Revenues deposited in the Bond Amortization Account allocable to the Series 1991
Bonds shall be held in the 1991 Bond Amortization Account. Revenues and other
amounts deposited in the Reserve Account allocable to the Series 1991 Bonds shall
be held in the 1991 Reserve Account. The income from investment of the 1991
Sinking Fund and the 1991 Reserve Account during a reasonable period of time from
the date of issuance of the Series 1991 Bonds, as specified by subsequent
resolution of the Board, shall be deposited into the 1991 Rebate Account to the
extent required and the excess, if any, into the 1991 Sinking Fund.
"SECTION 10. SERIES 1991 BONDS NOT GENERAL OBLIGATIONS. The Series 1991
Bonds shall not be or constitute general or moral obligations or a pledge of the
faith, credit or taxing power of the County, the State of Florida or any
political subdivision thereof or a general indebtedness of any of them within the
meaning of the Constitution or any statute of the State of Florida, but shall be
special obligations of the County payable solely from and secured solely by a
lien upon and a pledge of the Pledged Funds and certain other funds specified
herein. No Registered Owner shall ever have the right to compel the exercise of
the ad valorem taxing power of the County, the State of Florida or any political
subdivision thereof, or taxation in any form of any real property therein, to pay
the Series 1991 Bonds or the interest thereon, or be entitled to payment of such
principal and interest from any funds of the County other than the Pledged Funds.
"SECTION 11. ARBITRAGE. The County covenants to and with purchasers of
the issue which is comprised of the Series 1991 Bonds that it will make no use
of the proceeds of such issue which will cause the Series 1991 Bonds to be or
become "arbitrage bonds" within the meaning of Section 103(b)(2) and Section 148
of the Internal Revenue Code of 1986, as amended (the "Code"), and the
regulations implementing said Sections that duly have been published in the
Federal Register or with any other applicable regulations implementing said
Sections, and the County further covenants to comply with all other requirements
of the Code if and to the extent applicable to maintain continuously the Federal
income tax exemption of interest on the Series 1991 Bonds.

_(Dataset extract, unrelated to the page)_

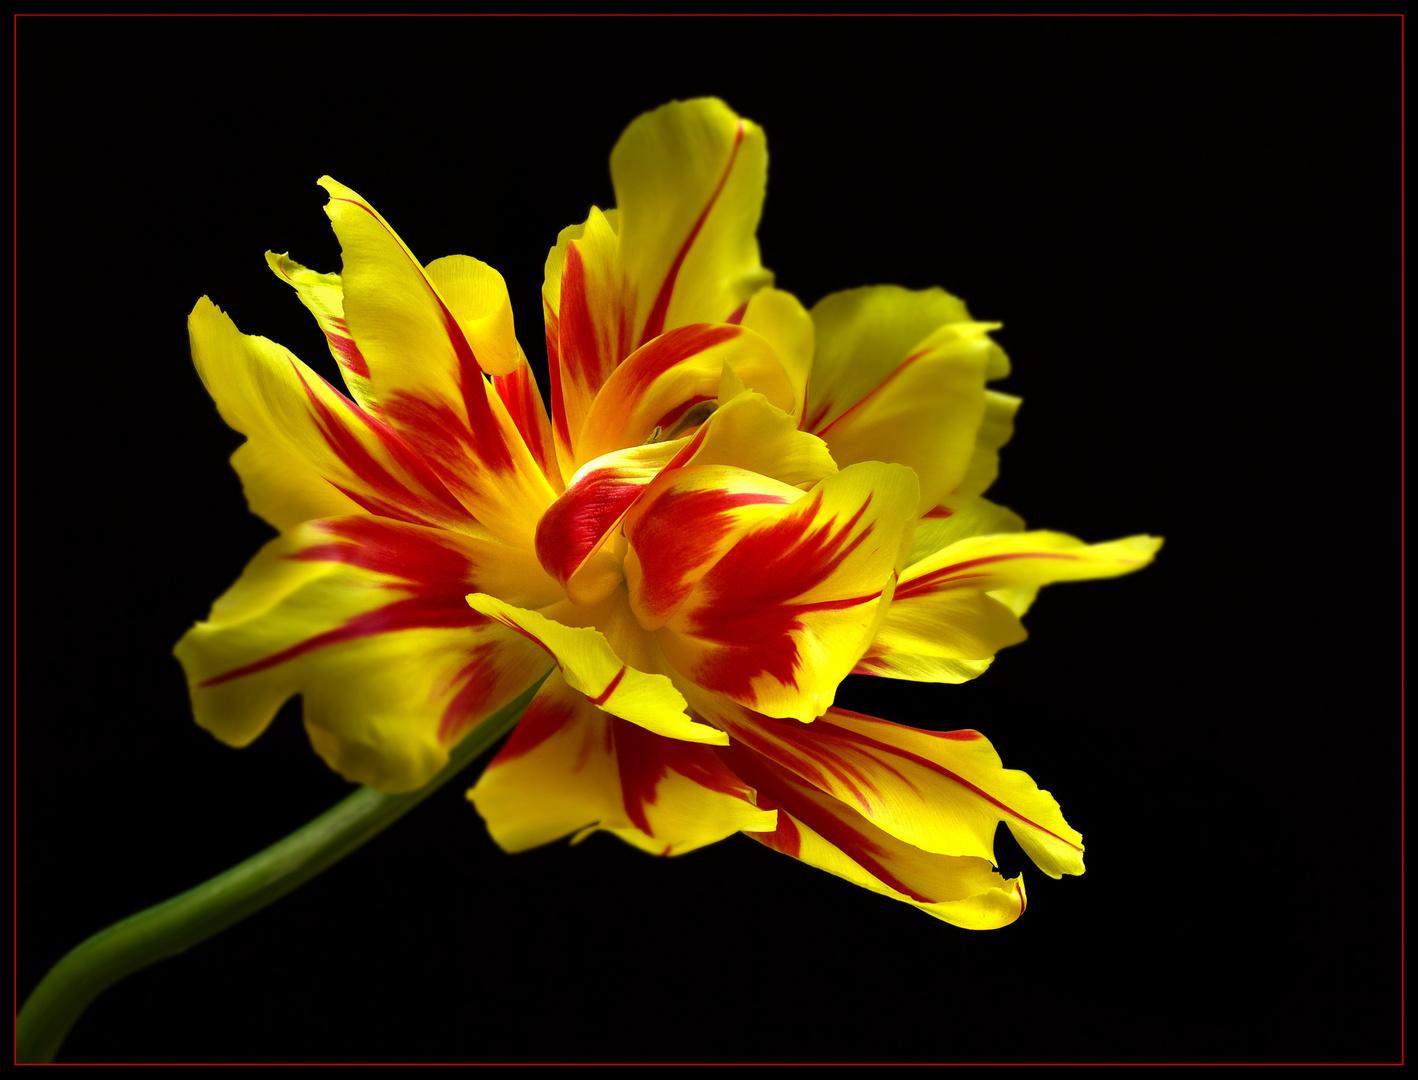 Die Zeit der schönen Tulpen ist nun leider vorbei
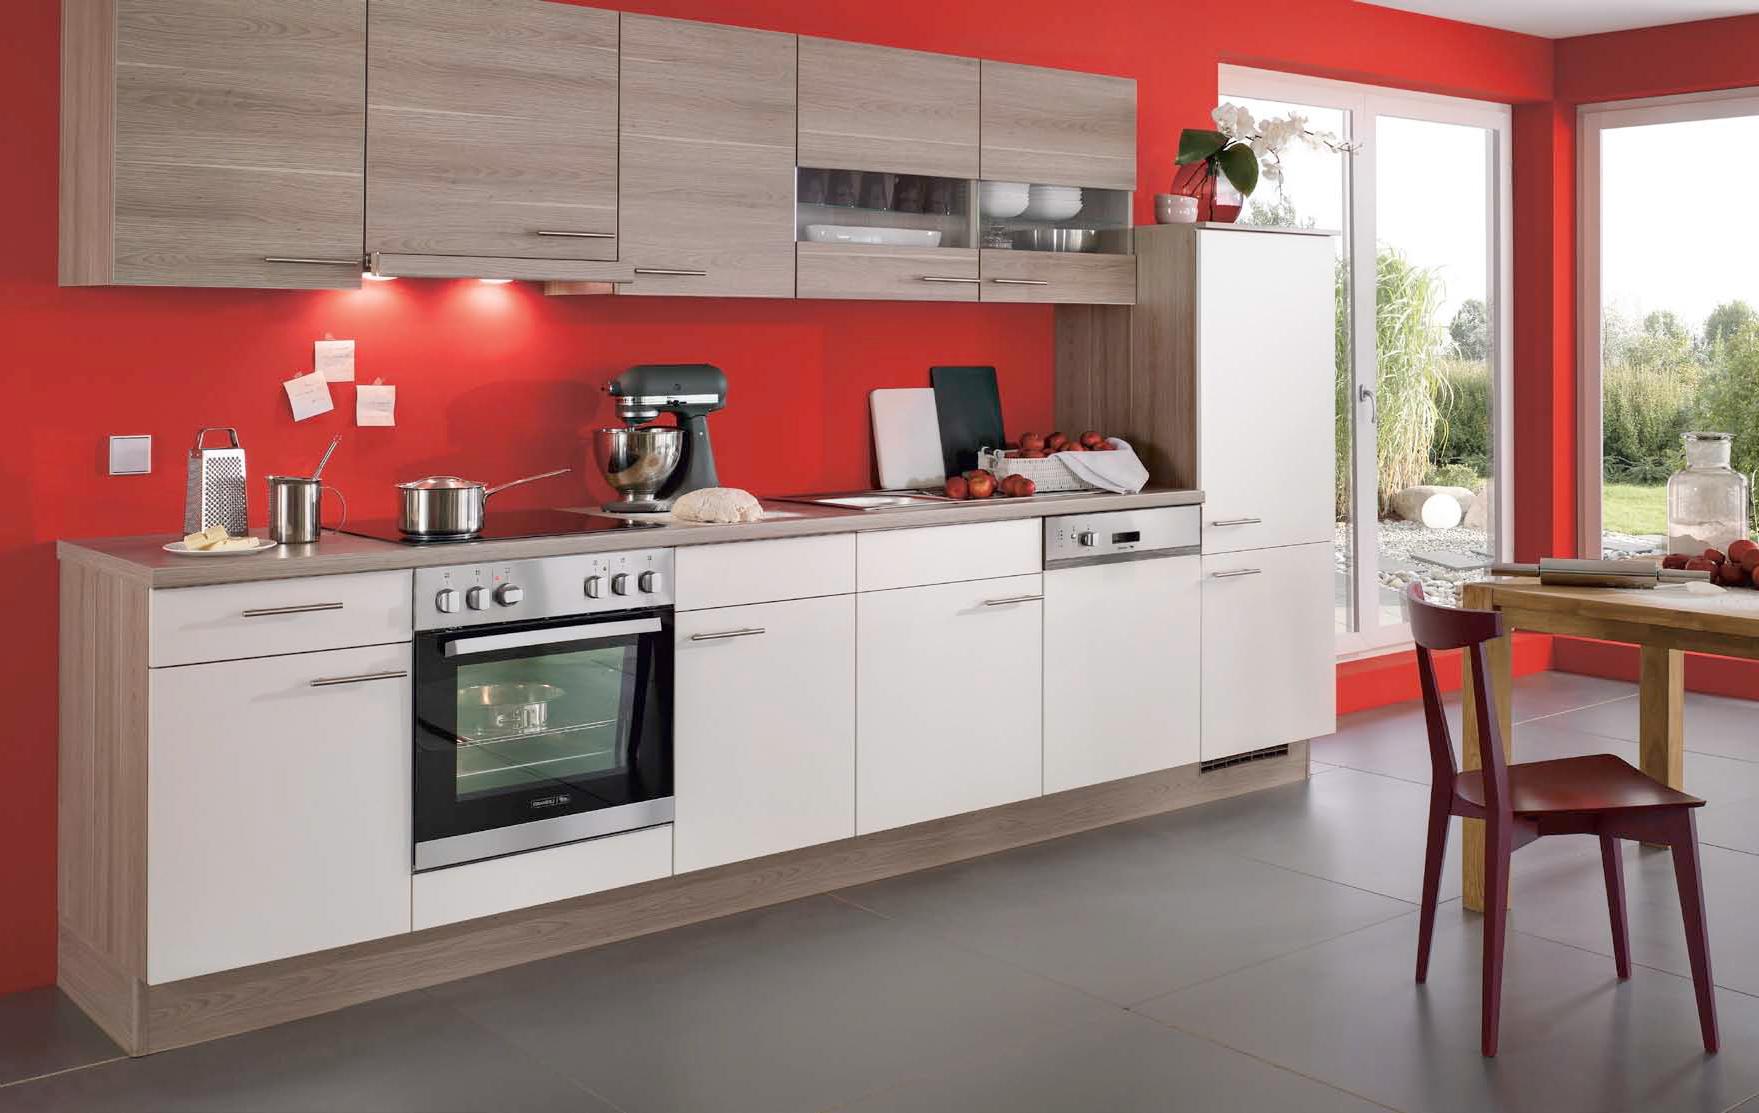 Modelos De Muebles De Cocina Jxdu Muebles De Cocina Baratos Tipos De Muebles Para Cocina

"SECTION 12. APPLICATION OF SERIES 1991 BOND PROCEEDS. All moneys
received from the sale of the Series 1991 Bonds shall be deposited and applied
by the County as follows:
"A. All accrued interest plus, at the option of the County as
specified by subsequent resolution of the Board, an amount which, together with
the income expected to be deposited into the 1991 Sinking Fund pursuant to
Section 9 hereof, will equal to the interest on the Series 1991 Bonds for a
reasonable period of time from the date of issuance thereof shall be deposited
7
into the 1991 Sinking Fund and applied exclusively for the payment of interest
first becoming due on the Series 1991 Bonds.
"B. A sum, if any, specified by subsequent resolution of the County
shall be deposited into the Reserve Account in the Sinking Fund.
"C. The amount necessary to pay all engineering fees, costs and
expenses associated with financial reports, studies and projections, legal fees,
fees of financial advisors, printing expenses, premiums and expenses related to
insuring or rating the Series 1991 Bonds and all other similar costs incurred in
connection with the issuance of the Series 1991 Bonds shall be paid or provided
for.
"D. A fund is hereby created and established to be known as the
"Recreational Revenue Bonds, Series 1991, Construction Fund" (herein the "1991
Construction Fund"). There shall be deposited into the 1991 Construction Fund
the balance of the moneys remaining after making all the deposits and payments
provided for above.
"The moneys on deposit in the 1991 Construction Fund shall be withdrawn,
used and applied by the County, as and when necessary, solely for the payment of
the costs of the 1991 Project and purposes incidental thereto. If for any reason
any moneys in the 1991 Construction Fund are not necessary for or are not applied
to the payment of such costs, then such moneys shall be deposited by the County
into the Sinking Fund and used only to pay the principal of and interest on the
Series 1991 Bonds. Anything to the contrary contained herein notwithstanding,
the 1991 Construction Fund shall be and constitute a trust fund for the purposes
provided herein therefor and, until withdrawn, used and applied as aforesaid,
shall be pledged to the payment of the principal of, premium, if any, and
interest on the Series 1991 Bonds.
"Any moneys in the 1991 Construction Fund which, in the opinion of the
County, are not immediately necessary for expenditure, as hereinabove provided,
may be invested in Authorized Investments maturing at such time or times as will
make the proceeds thereof available when needed. All income derived therefrom
shall be deposited into the 1991 Rebate Account to the extent required and the
excess, if any, into the 1991 Construction Fund.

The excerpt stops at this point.